I wish I had seen your post yesterday! I got eaten alive working on my railroad pond.


----------



## fyrekop (Sep 20, 2011)

Another thing that works is Avon's Skin So Soft


----------



## jimtyp (Jan 2, 2008)

I was wondering why it seemed like the mosquitoes were not a problem after I got chickens. I thought maybe they were eating them.


----------



## Tomahawk & Western RR (Sep 22, 2015)

you mean the mosquitos were eating the the chickens?


----------



## mymodeltrain (May 14, 2013)

Tomahawk & Western RR said:


> you mean the mosquitos were eating the the chickens?

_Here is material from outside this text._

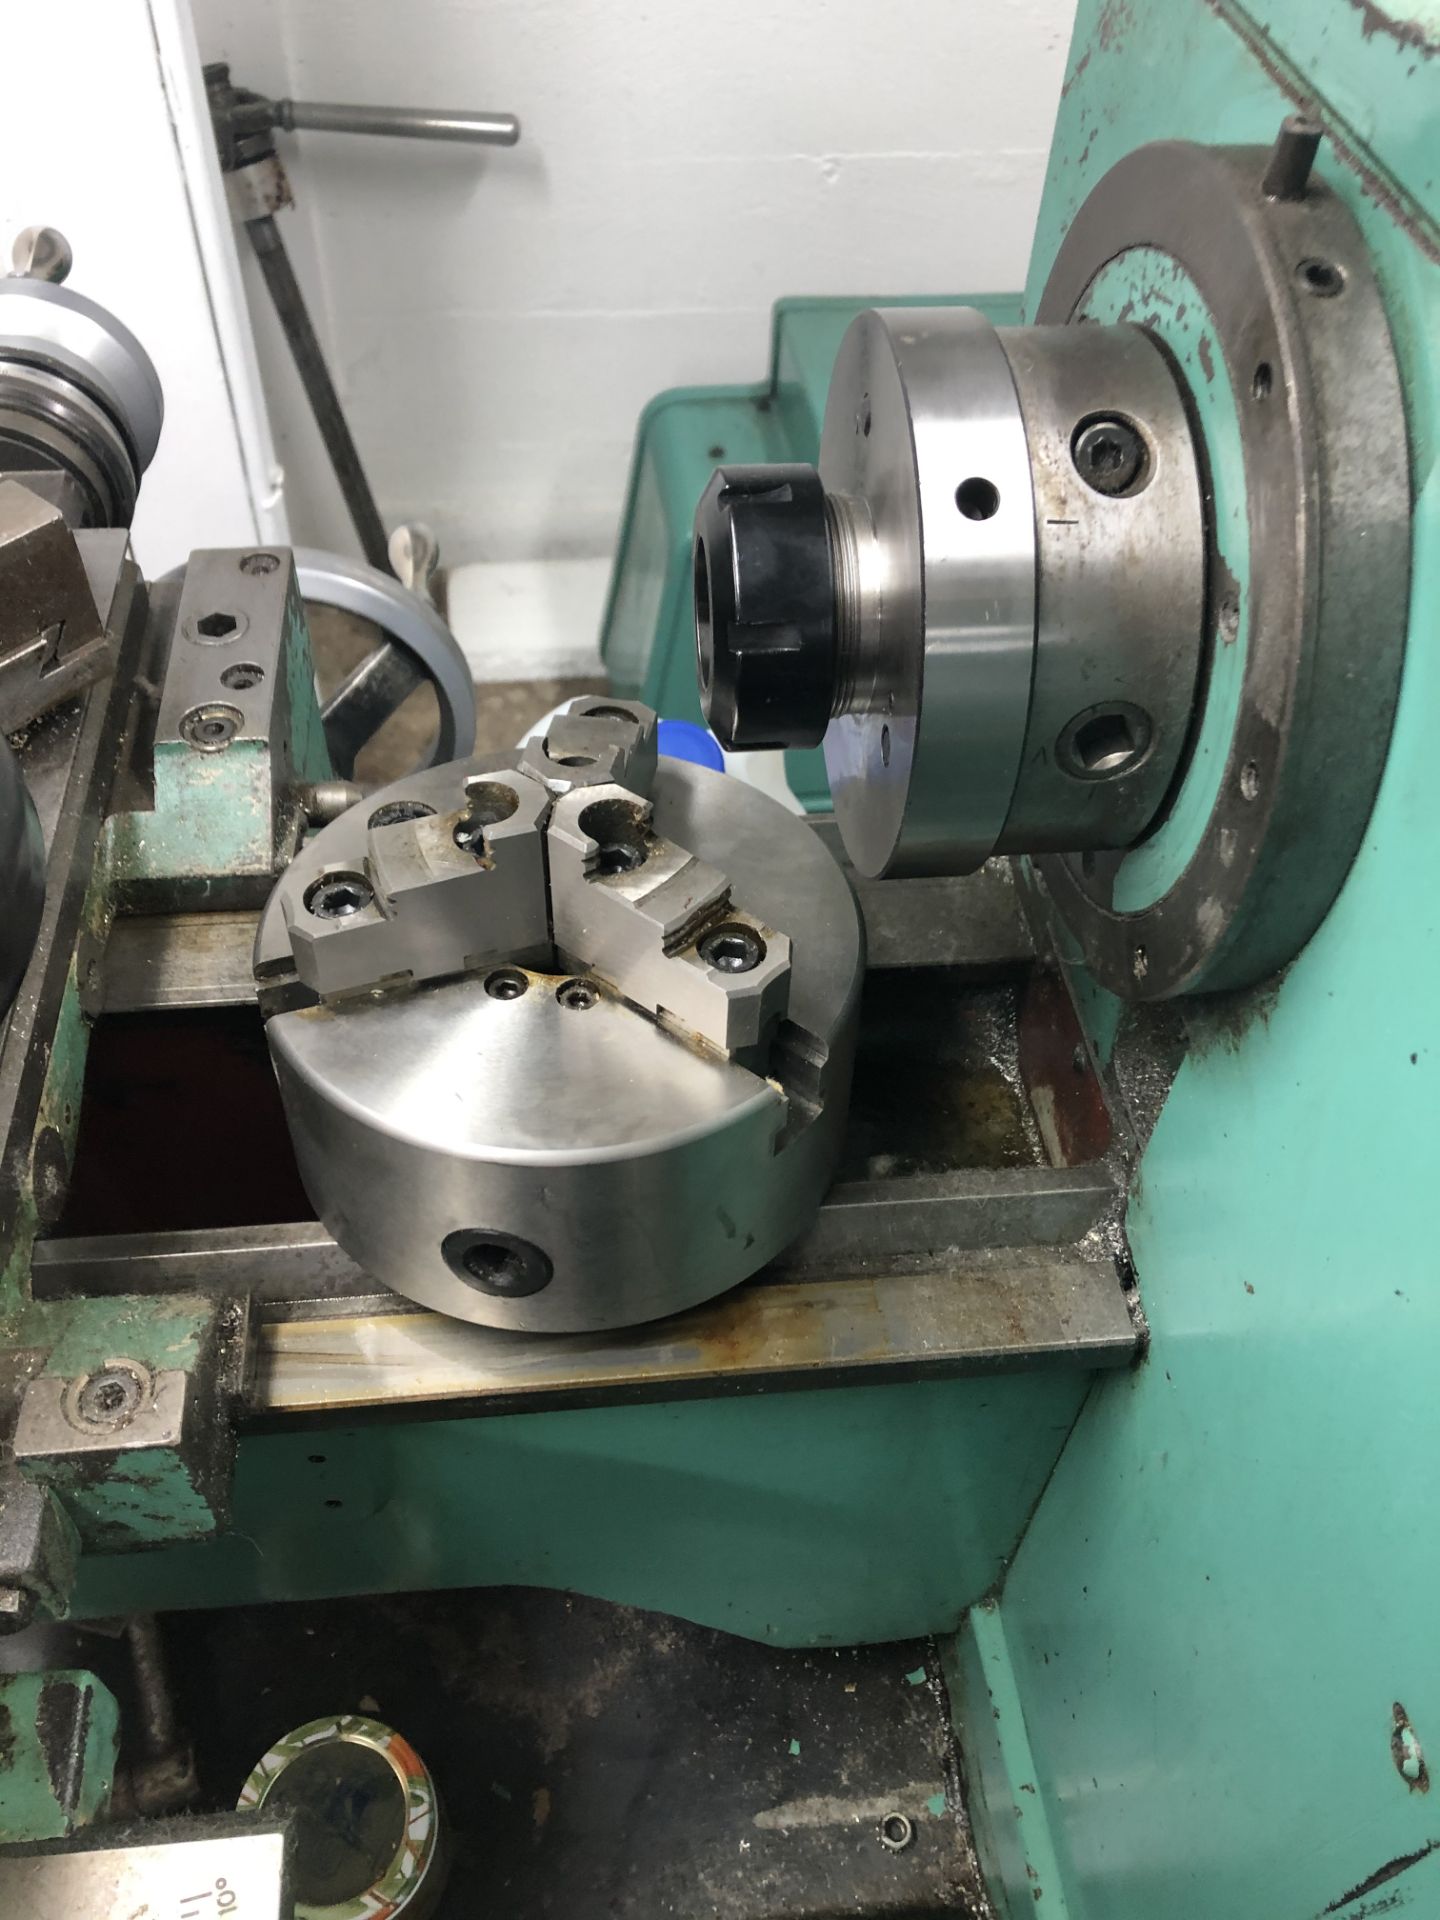 Harrison AA Lathe 25" Centers, 1.5" Spindle Bore 3000 RPM   Please call 971-206-0017 to preview. - Image 5 of 32

I think other way around; I usually had chickens in my back yard when I was small and I observed that chickens were annoyed with small flying bugs around them and they would catch and eat them.


----------



## Dunbar (May 5, 2016)

The problem with that theory is that you have to be in with the chickens for the mosquitos to not bother you. Once you are 25ft or farther away, the skeeters will get you. How do I know this? Up until 2 years ago, I had a farm and we raised pastured poultry. I had approx 2500 laying hens at any given time. Even though we had them out in the fields on pasture and they were way cleaner and less smell than conventionally kept chickens, they still smelled a bit. All birds smell. As for the Avon skin so soft, sorry , that was reformulated years ago. No longer effective. We use to use it for the horses. Worked great. Than Avon found out people were using it to repel insects. Well, Avons SsS was not licensed as a pesticide, and they were told to reformulate or apply for pesticide application. At first they were going to fight it, but about a year later , there were rumors of bribery allegations within Avon . Since at least 2008, various employees and executives of Avon has been investigated for possible violations of the law, including possible bribery and violations of the Foreign Corrupt Practices Act. They decided to reformulate as it was more cost effective. Sometimes you can still find some of the old formula. Its perfectly fine and it does repel flies, gnats , sketters , etc very well.


----------